> _Task to complete_
Print all the data below exactly, without images.

**** Recorded information ****

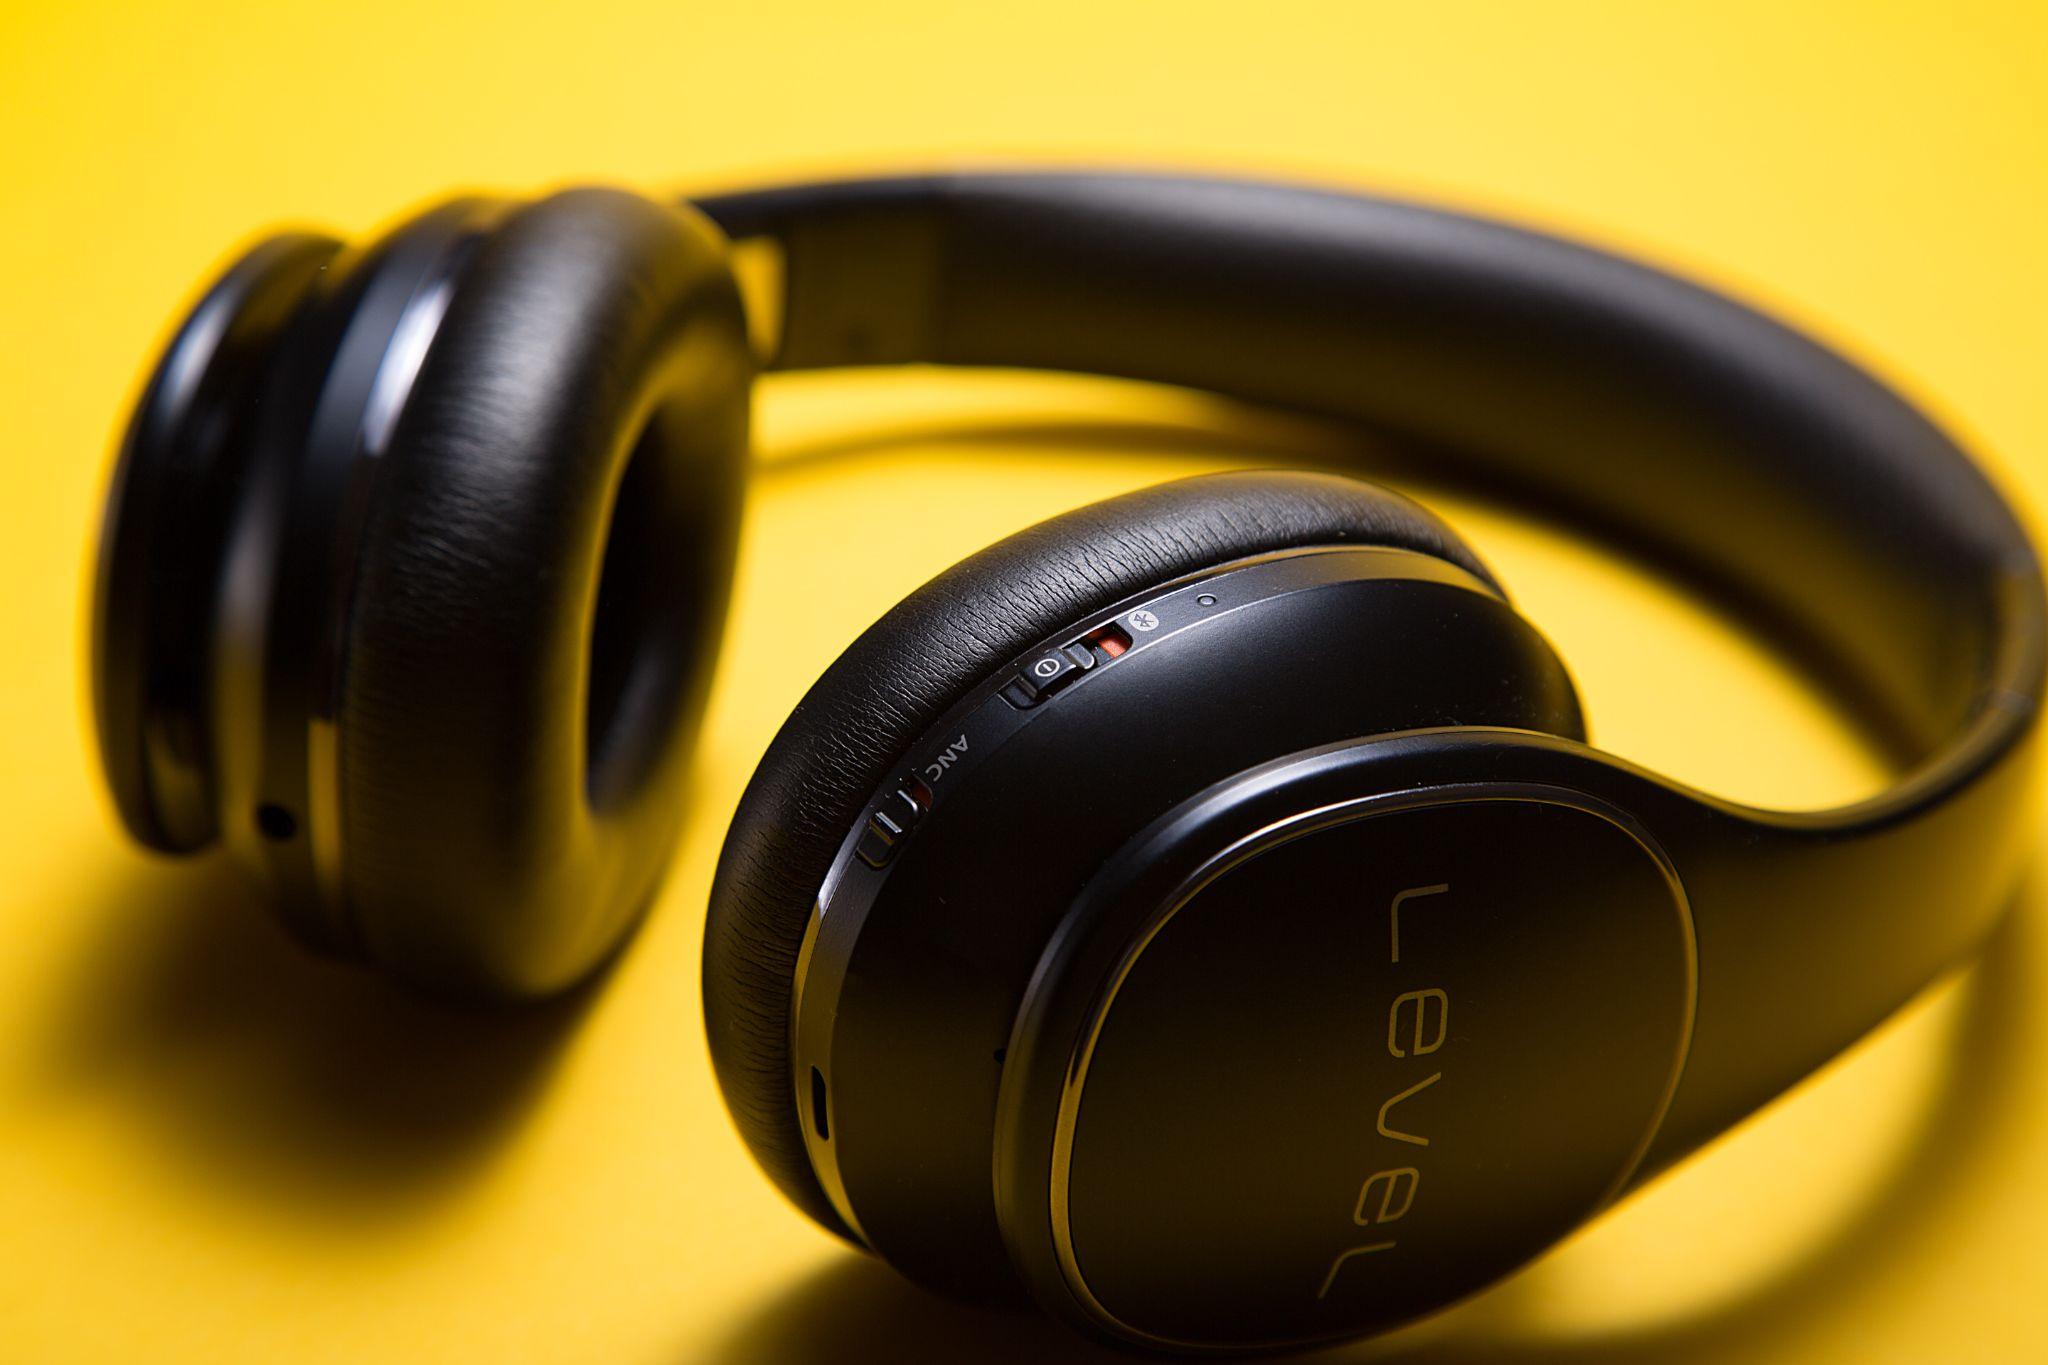 Joint stereo mechanism behind headphones
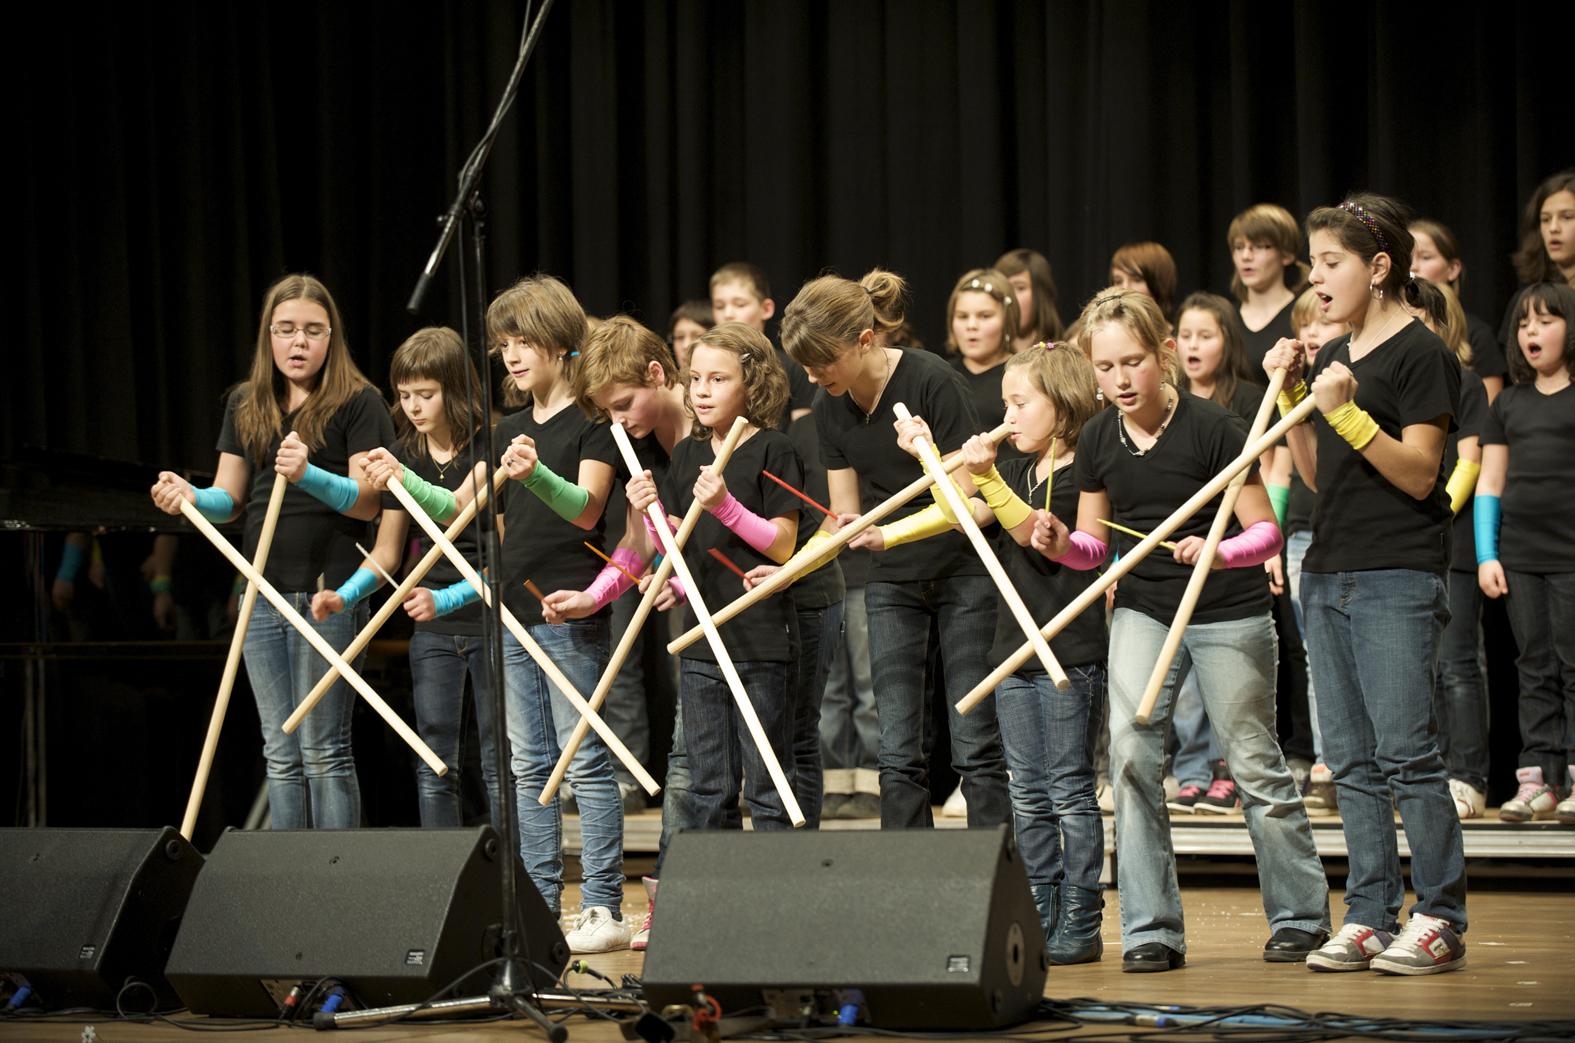 Il chor d'affons da Sumvitg è era al festival da chors d'uffants e da giuvenils da la Svizra.
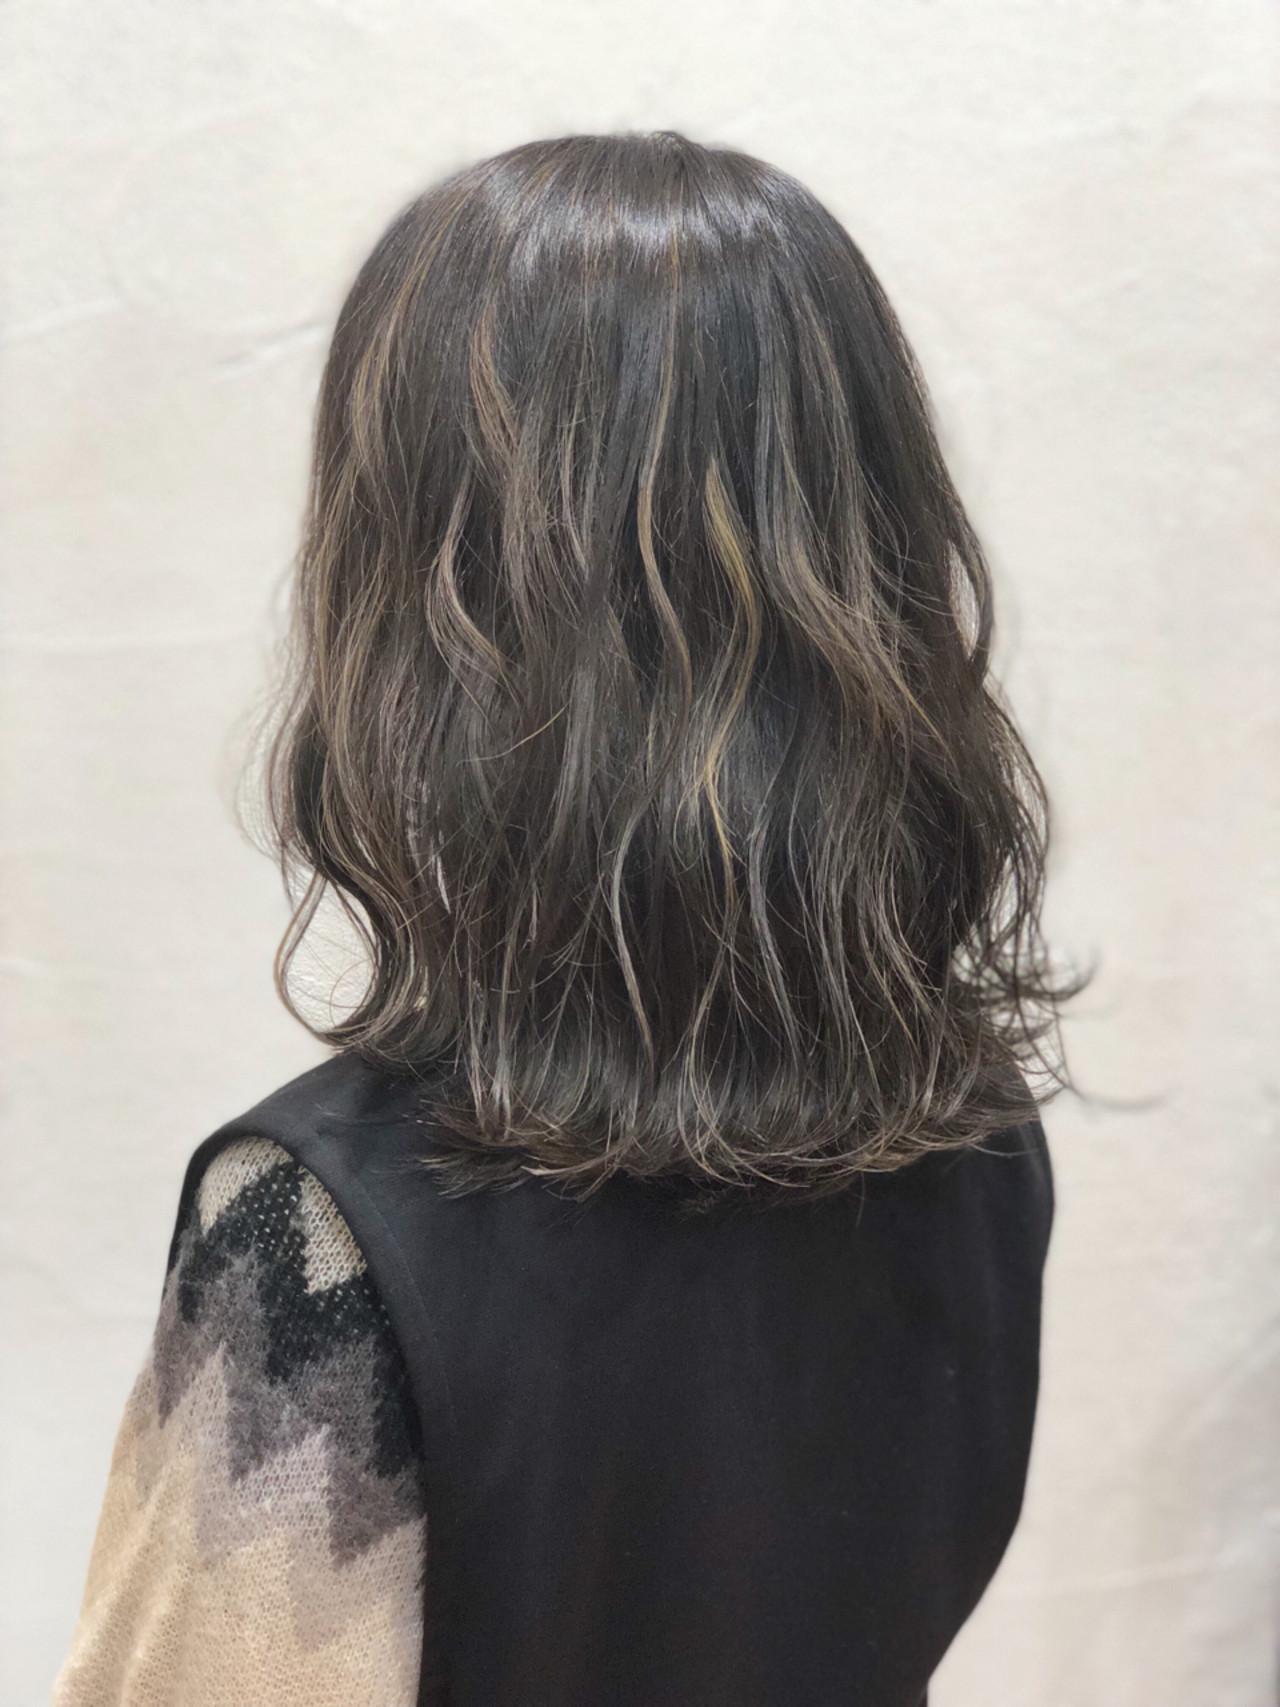 ナチュラル セミロング 透明感 ハイライト ヘアスタイルや髪型の写真・画像

****

> _Solved exercise_
 Joint stereo mechanism behind headphones
 Il chor d'affons da Sumvitg è era al festival da chors d'uffants e da giuvenils da la Svizra.
 ナチュラル セミロング 透明感 ハイライト ヘアスタイルや髪型の写真・画像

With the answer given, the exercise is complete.